[Given information]
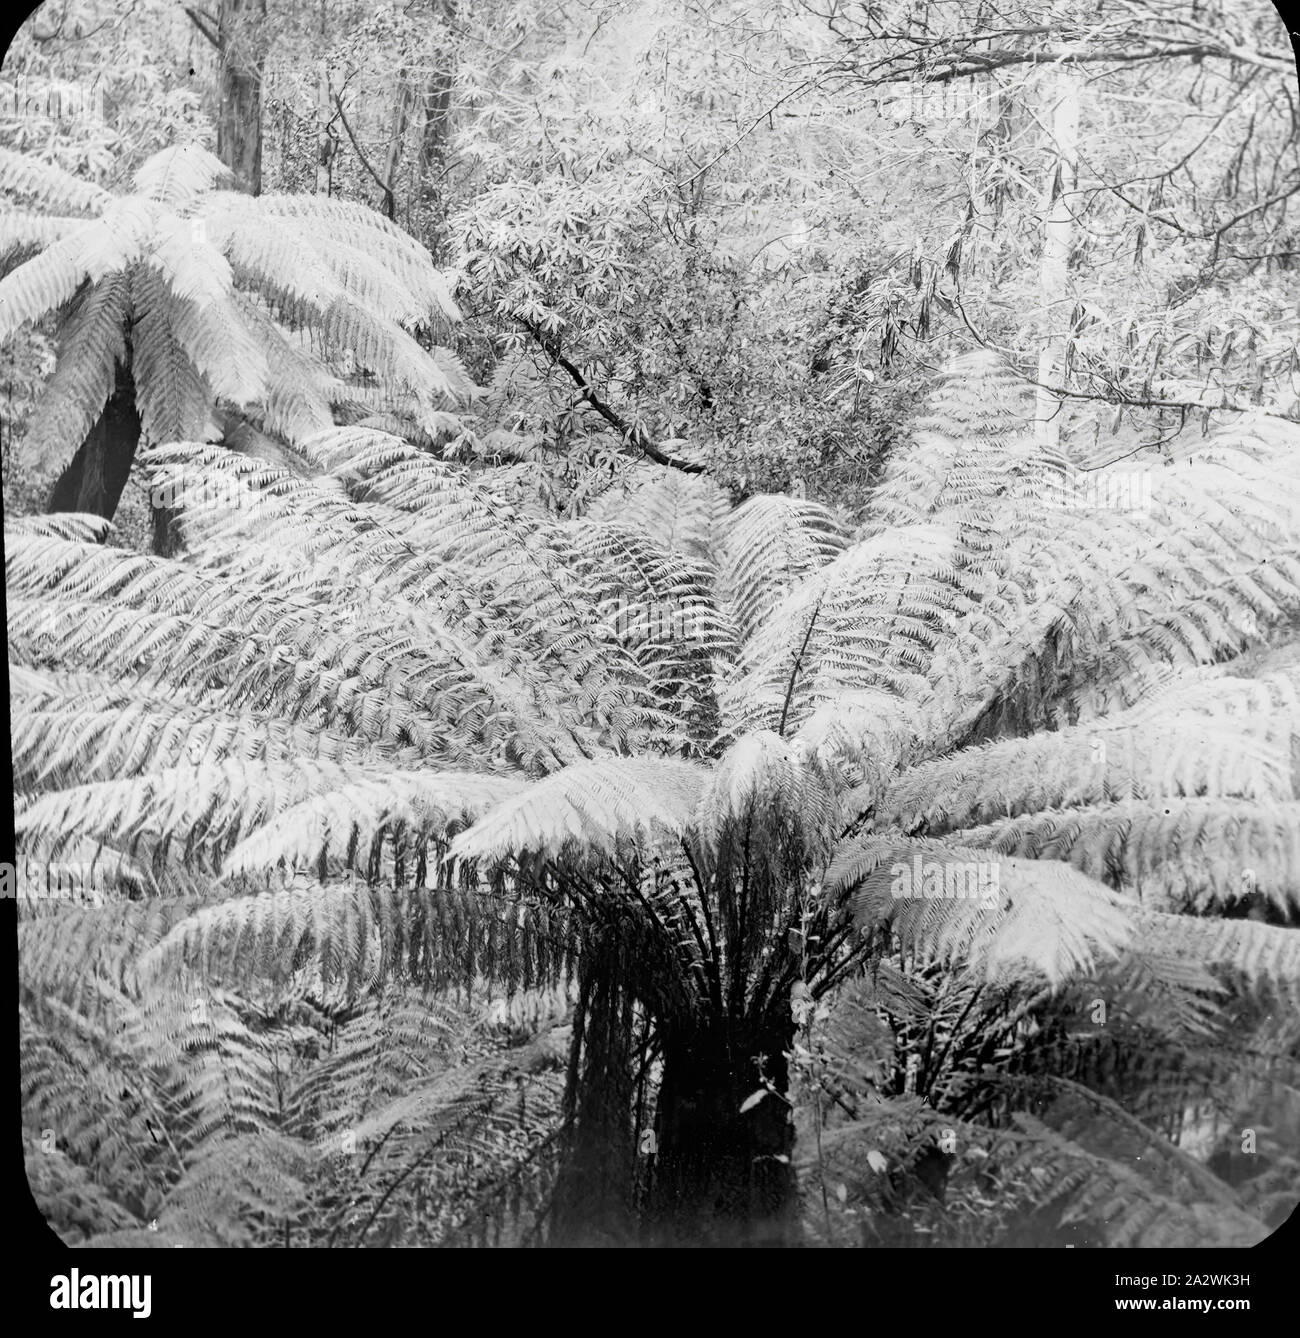 Lantern Slide - Tree Ferns, Dandenongs, Victoria, Date Unknown, Black and white image of tree ferns in the Dandenongs of Victoria Stock Photo
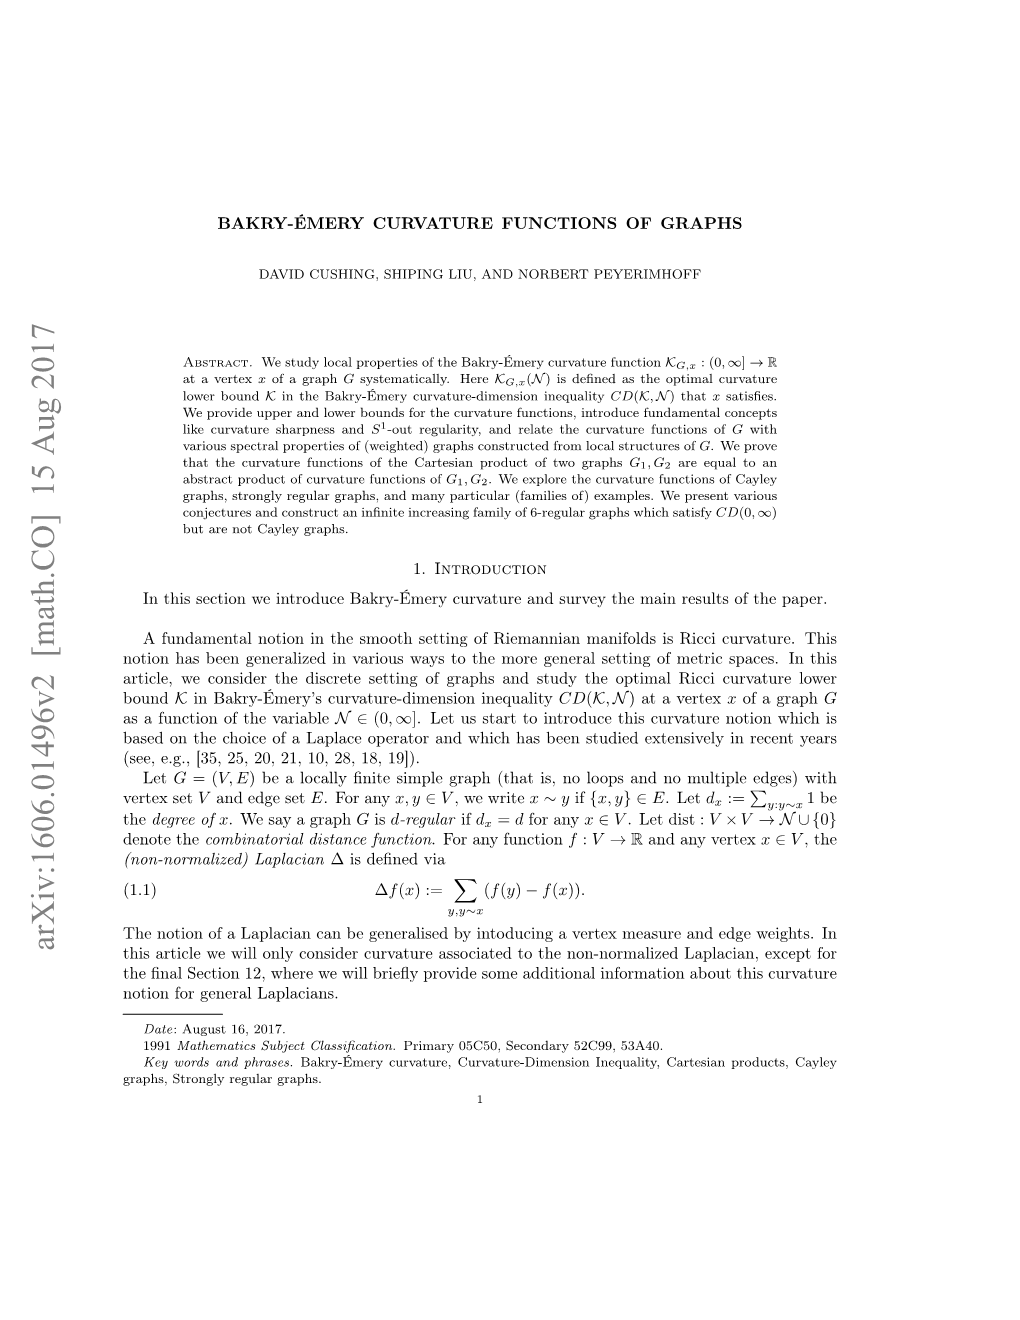 Bakry-\'Emery Curvature Functions of Graphs
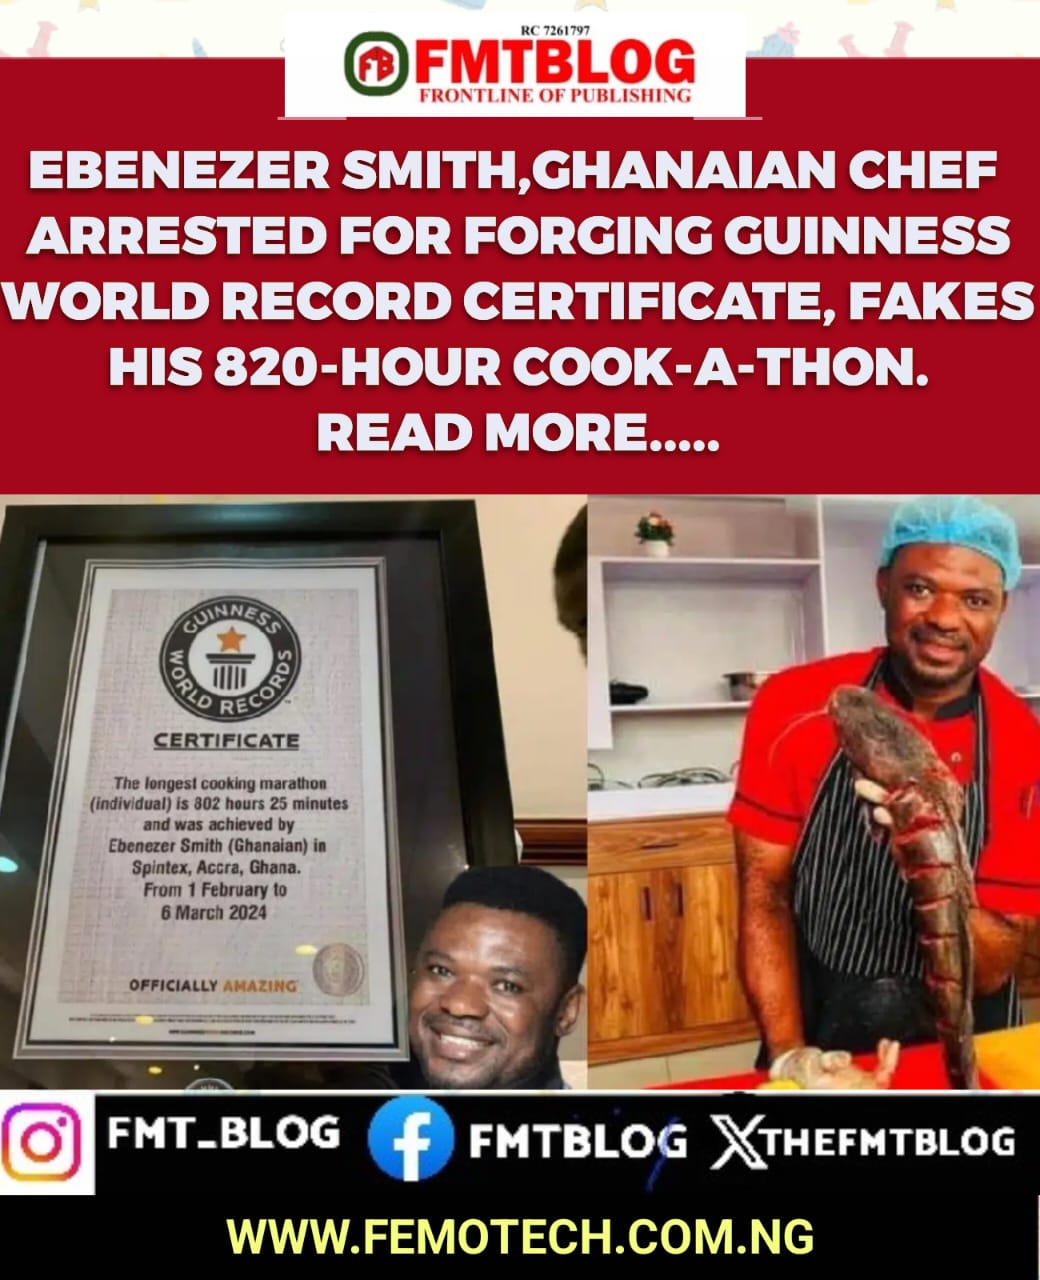 Ebenezer Smith, Ghanaian Chef Arrested For Forging Guinness World Record Certificate, Fakes His 820-Hour Cook-A-Thon.

[Exercise goal]
Return the data exactly. Do not carry over any images.

[Output below]
 Lantern Slide - Tree Ferns, Dandenongs, Victoria, Date Unknown, Black and white image of tree ferns in the Dandenongs of Victoria Stock Photo
 Bakry-\'Emery Curvature Functions of Graphs
 Ebenezer Smith, Ghanaian Chef Arrested For Forging Guinness World Record Certificate, Fakes His 820-Hour Cook-A-Thon.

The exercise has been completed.